The best way to deal with bad faith actors is to discredit them, ideally ahead of time, by exposing both the fact that they're arguing in bad faith and the tactics they're using to manipulate people. Of course, open science activists also need to make the argument for the value of science to the public at large – but on their terms, not the terms of actively hostile institutional leaders.

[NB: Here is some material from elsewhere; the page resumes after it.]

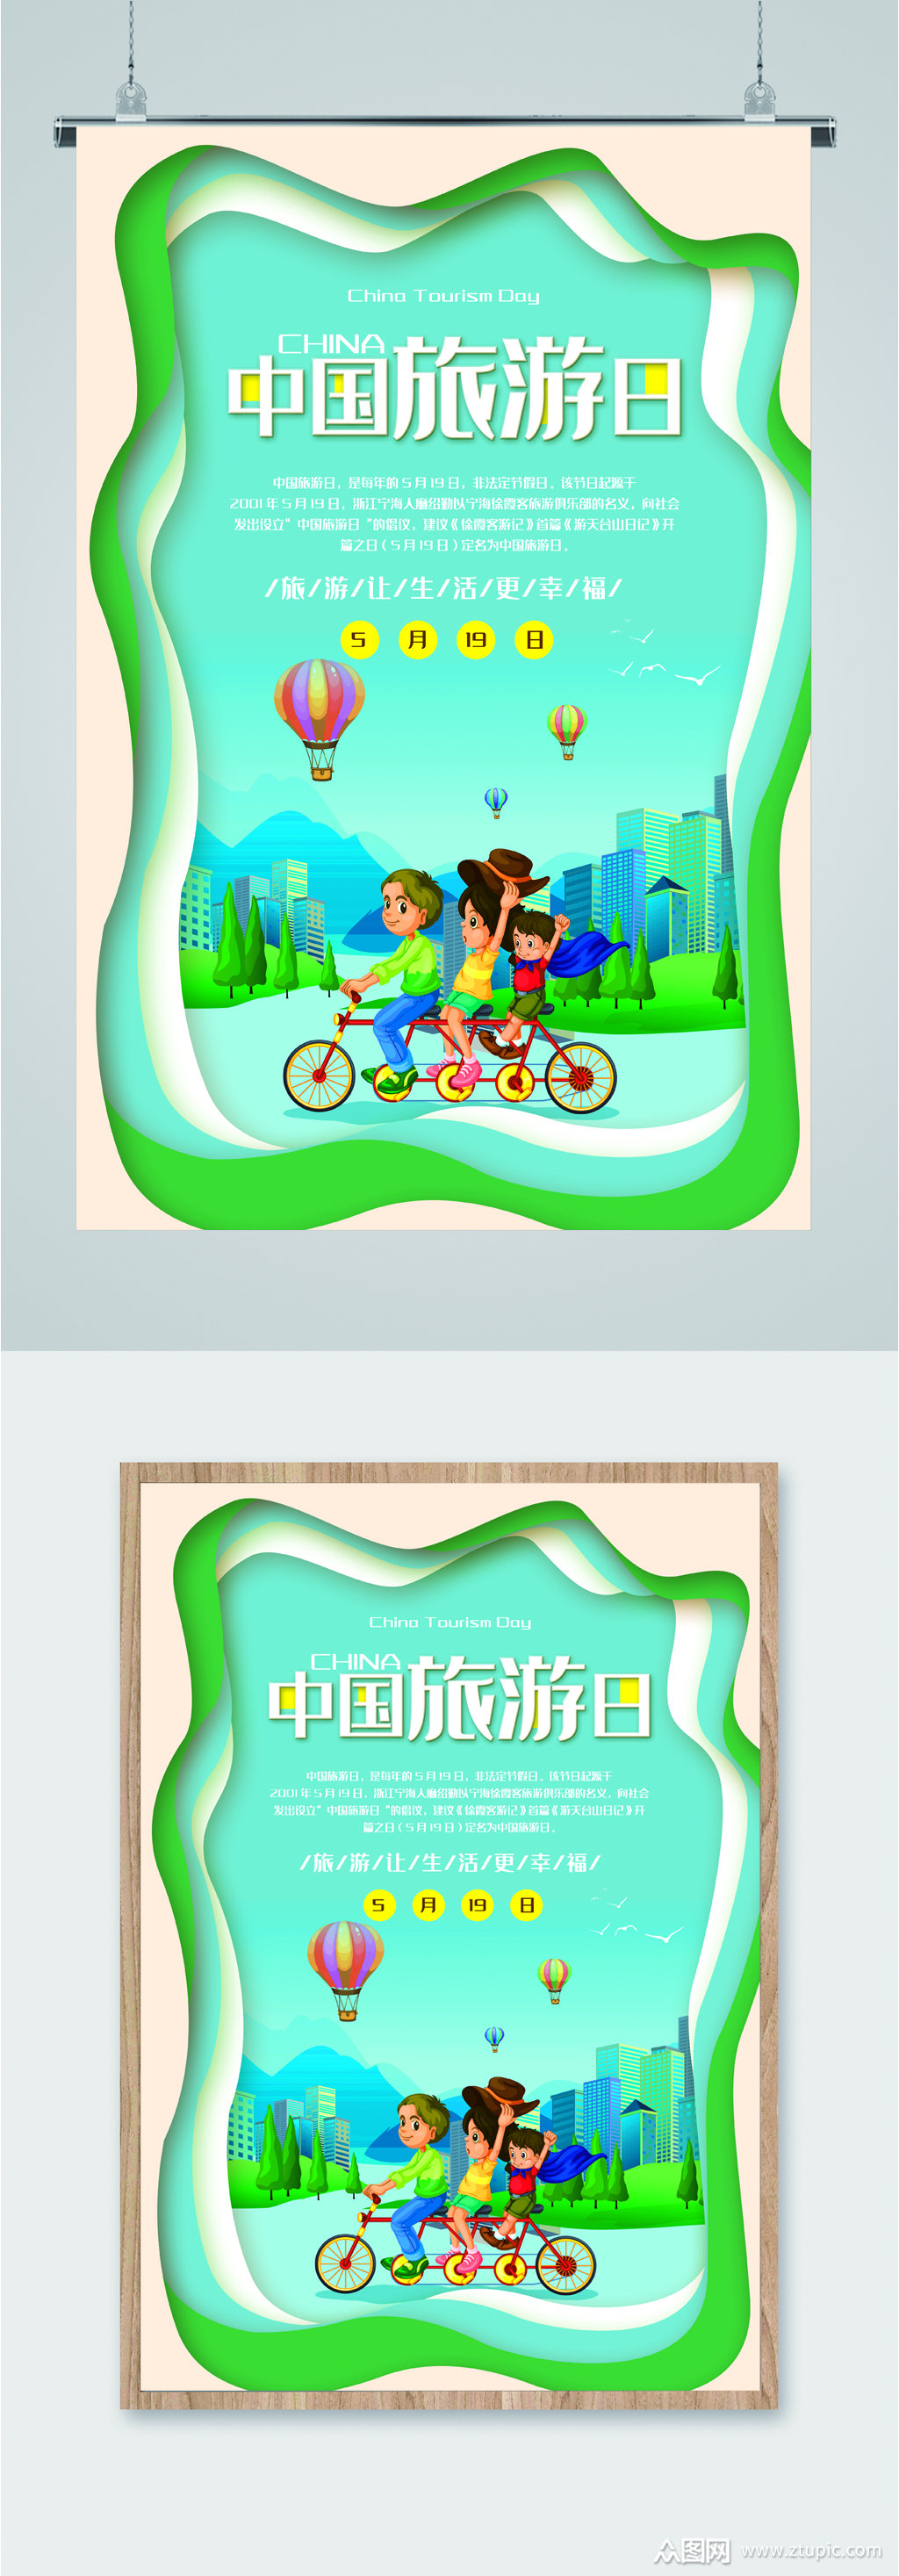 中国旅游日绿色海报素材

Finally, a quick follow-up on last week's "vibe productivity" thread. A friend who works in management at a large manufacturing company noted that at big companies, the "artifacts" I accused of being simulacra of productivity could be considered a form of insurance, essentially evidence that workers are acquiring critical domain-specific knowledge as they do their productive work. He argued that replacing the workers who produce these artifacts by, you know, doing the actual work required to acquire specialized knowledge, with generative AI that produces similar artifacts but does not acquire any of the actual knowledge in doing so, could be catastrophic in scenarios where the business actually needs to access that knowledge.
I agree, and was too flippant in my blanket dismissal of these artifacts. In fact, I think they can be more than just insurance. In well run companies, the exercise of producing them also serves as a way to de-risk the production of new products and features in the first place. But I think my main point still stands: in too many companies, these artifacts have progressed from being a by-product of productivity to a symbol of it, and often have even become the product itself.
That's how you get posts like this one that's making the rounds from a product lead at Google's Gemini. It sounds reasonable on the surface. Many product organizations have already ditched the formal Product Requirements Document (PRD) in favor of more iterative, prototype-driven discovery processes precisely because PRDs have a tendency to become the output itself. But think about what “writing was a proxy for clear thinking” really means in this context. The main way to prompt an LLM to build a prototype is to, well, write prompts. And LLMs are so unpredictable that “prompt engineering” is a skill now, and PMs are finding that the most effective way to (sigh) “vibe prototype” is to…feed the LLM a really tightly written PRD.
At @Google, we are moving from a writing‑first culture to a building‑first one.
— Madhu Guru (@realmadhuguru) July 29, 2025
Writing was a proxy for clear thinking, optimized for scarce eng resources and long dev cycles - you had to get it right before you built.
Now, when time to vibe-code prototype ≈ time to write PRD,…
If Guru’s assertion is true, Google is not becoming a “build first” culture. They’re becoming a “write for bots” instead of “write for humans” culture. That’s fine. I’m actually all for using LLMs to prototype. It may be one of the only truly valuable things they do. But in confusing the work of figuring out what prototype to build for the output of a prototype, Guru is proving himself to be either producing very little actual value or, to my friend’s point above, exposing his division to a huge amount of risk by replacing product documentation written for humans with prompts.